** Opening RECORDED INFORMATION block **

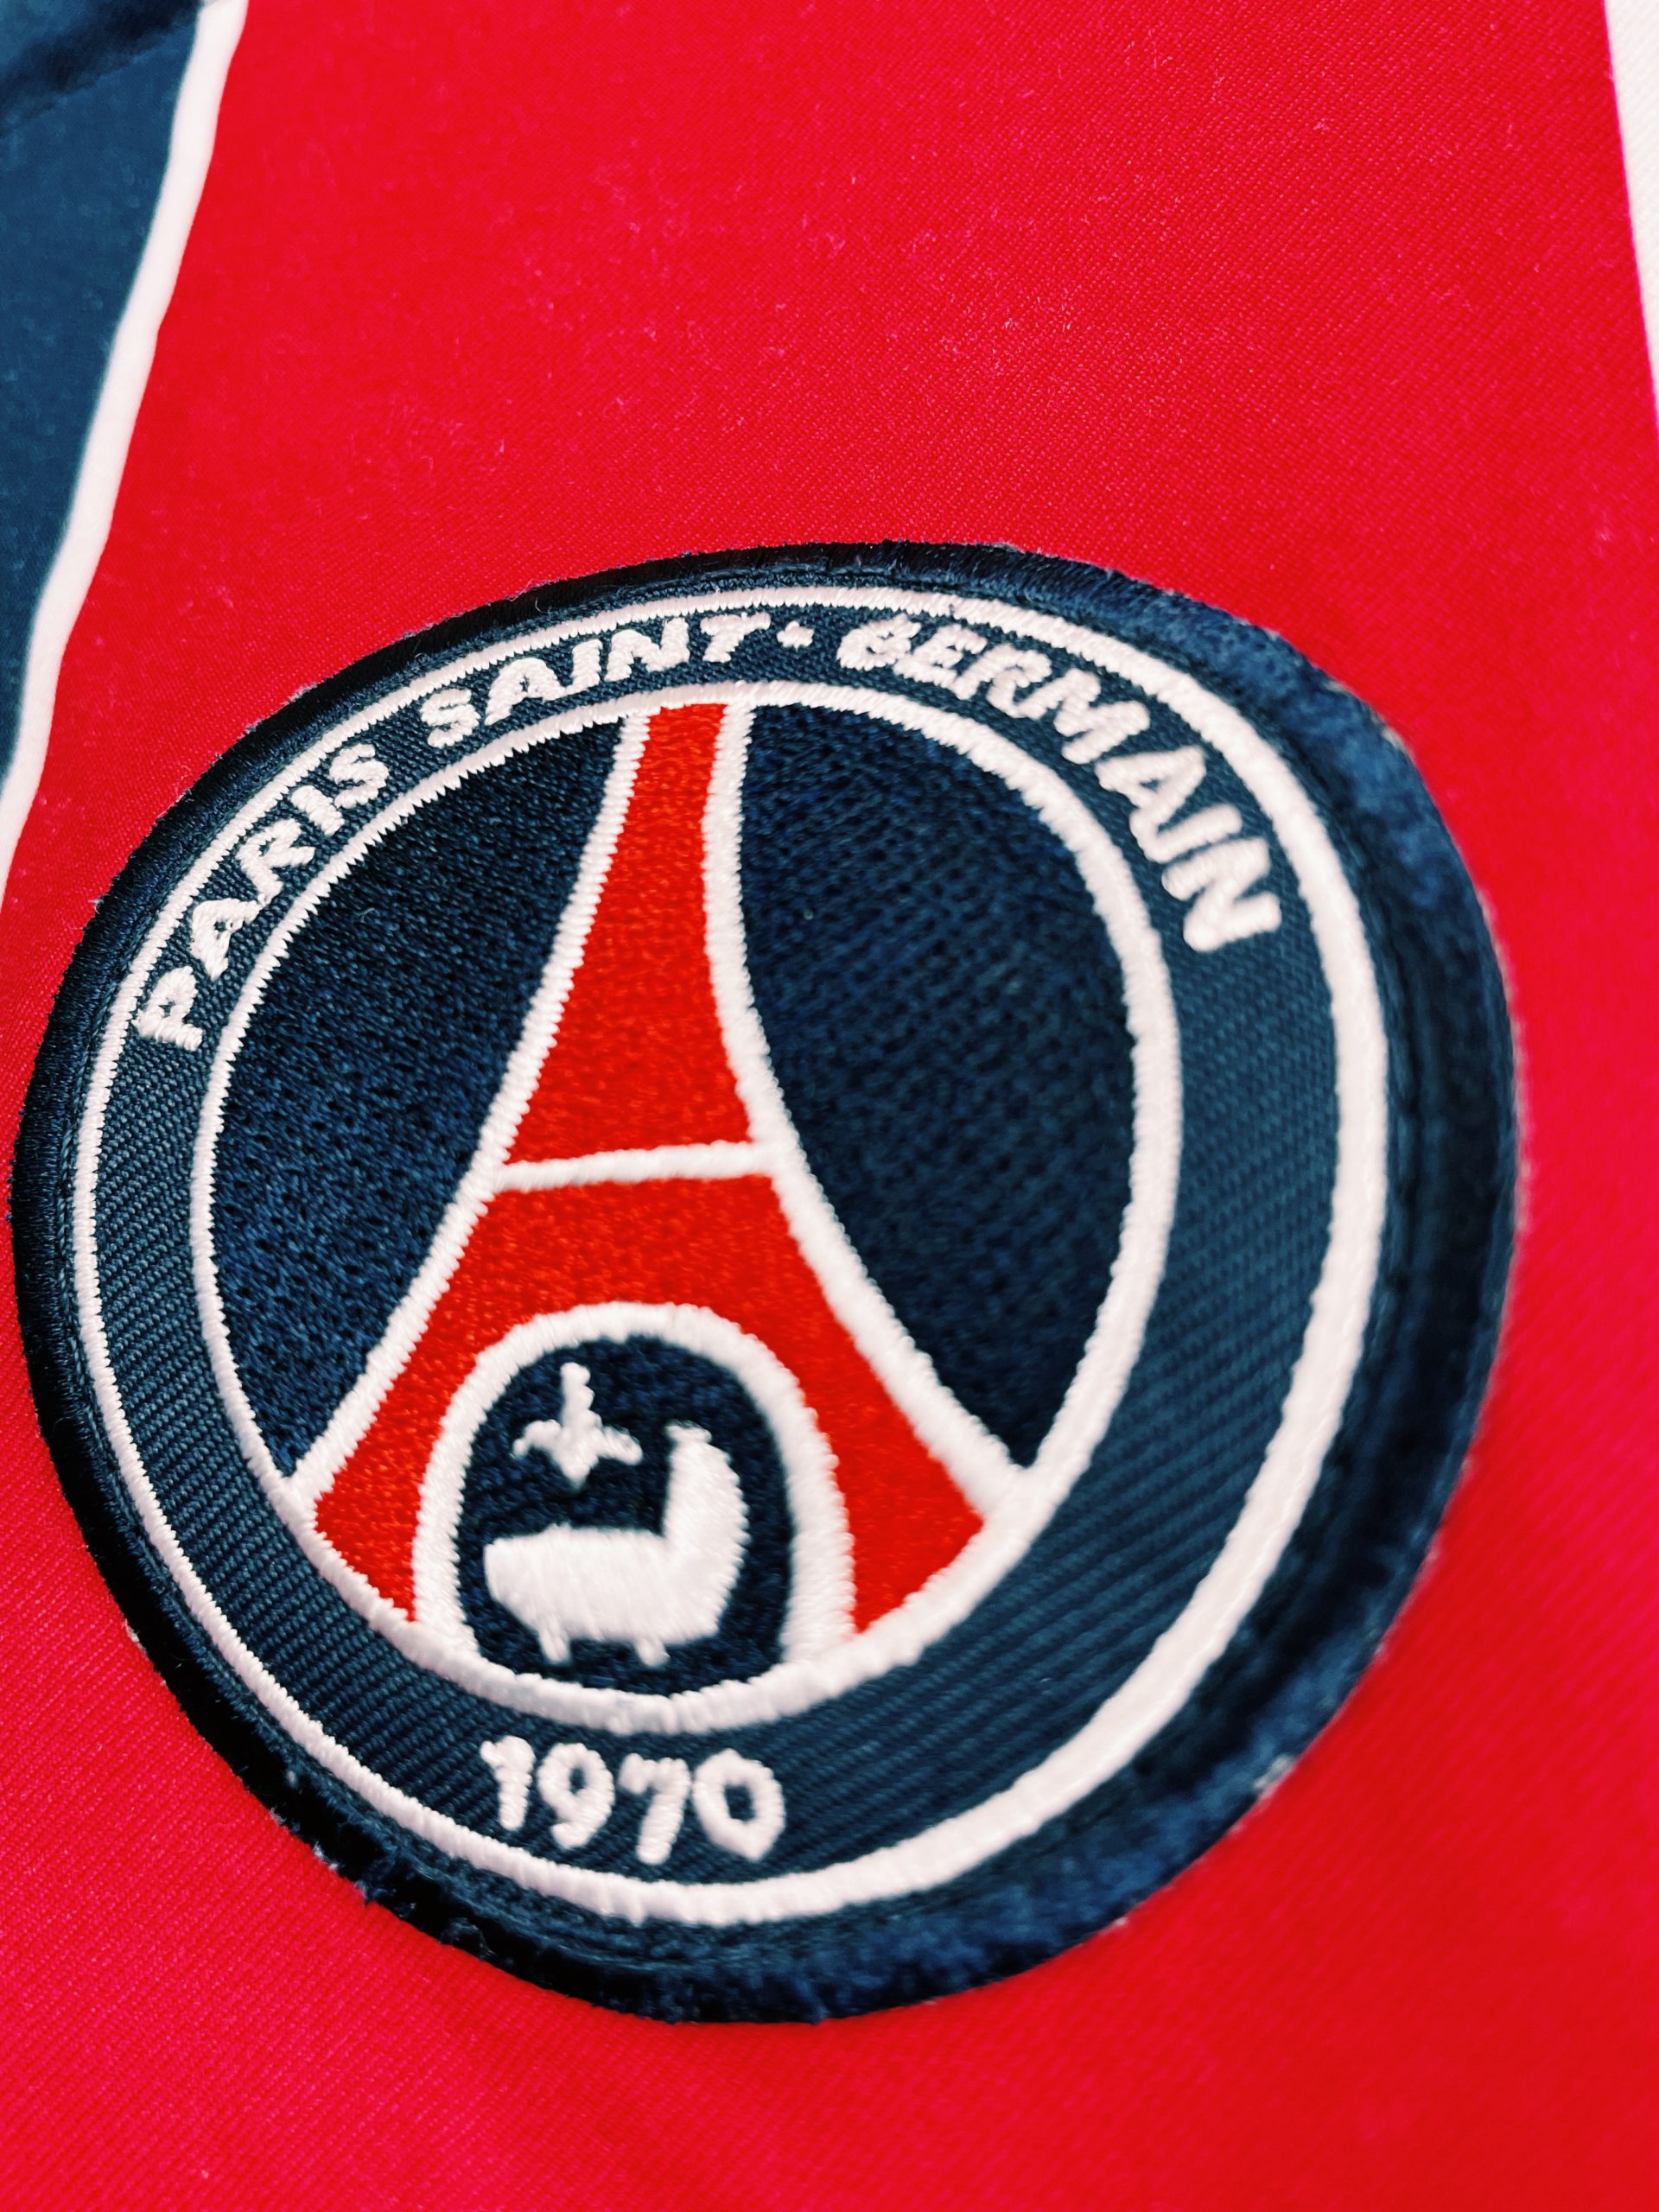 Maillot Nike Football PSG Paris Saint Germain Home Vintage ROTHEN
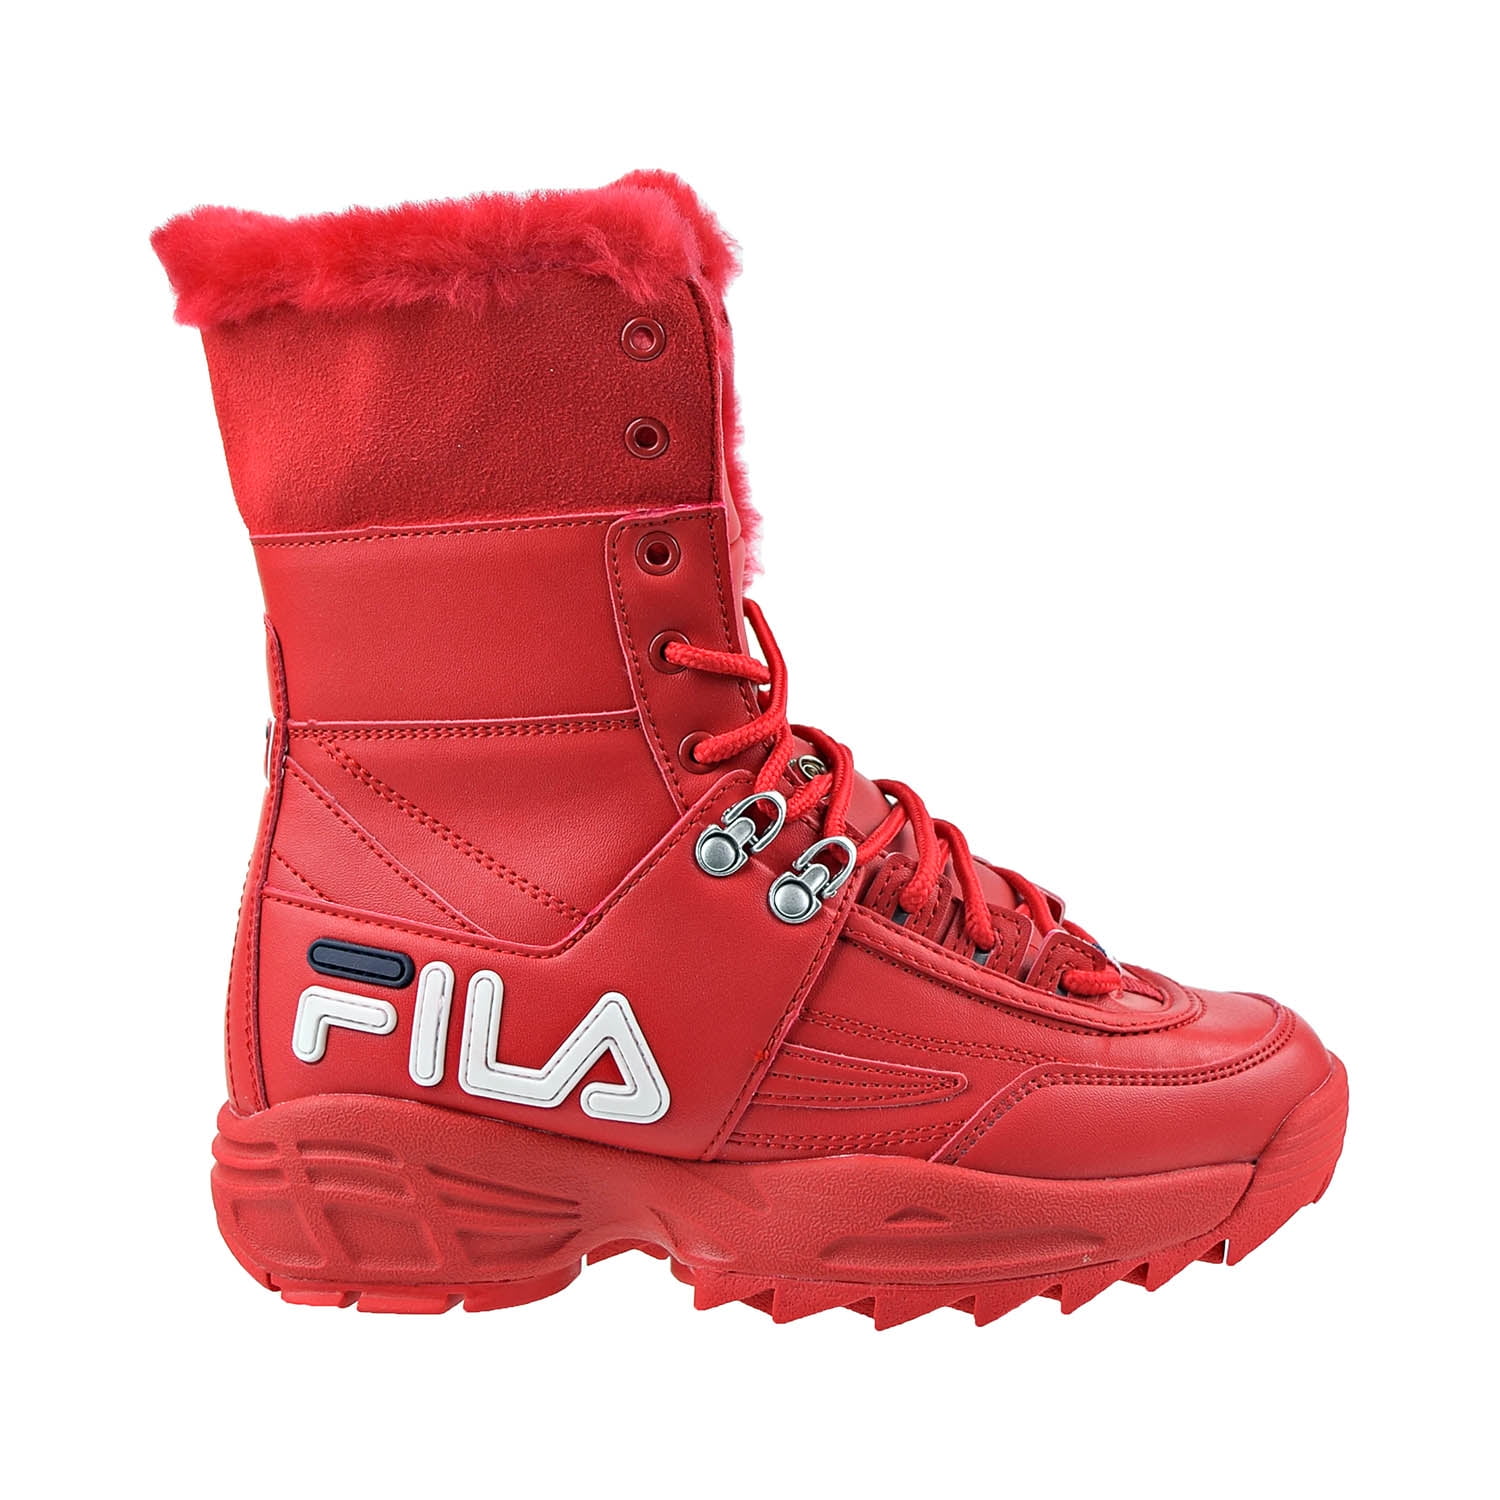 Fila Disruptor Fur Top Women's Boots Fila Red-Fila Navy-White 5hm00560 ...
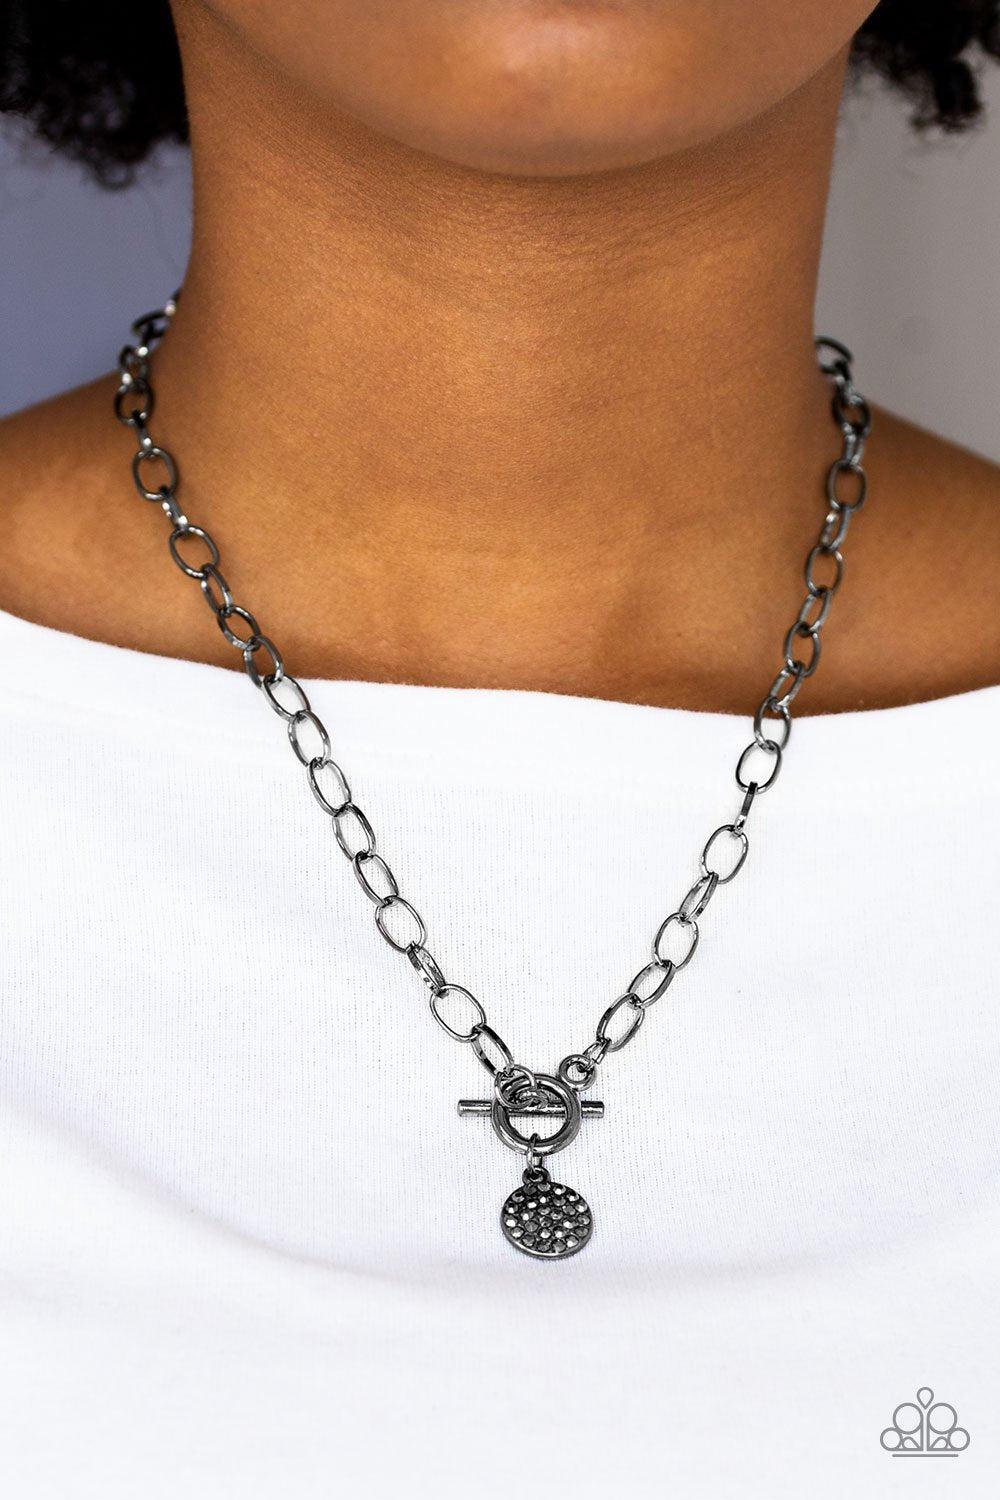 Sorority Sisters Gunmetal Black and Hematite Rhinestone Necklace - Paparazzi Accessories-CarasShop.com - $5 Jewelry by Cara Jewels

** Closing RECORDED INFORMATION block **

(TRY IT):
Omitting the images, copy the listing exactly.

(WRITTEN SOLUTION):
 Maillot Nike Football PSG Paris Saint Germain Home Vintage ROTHEN
 Fila Disruptor Fur Top Women's Boots Fila Red-Fila Navy-White 5hm00560 ...
 Sorority Sisters Gunmetal Black and Hematite Rhinestone Necklace - Paparazzi Accessories-CarasShop.com - $5 Jewelry by Cara Jewels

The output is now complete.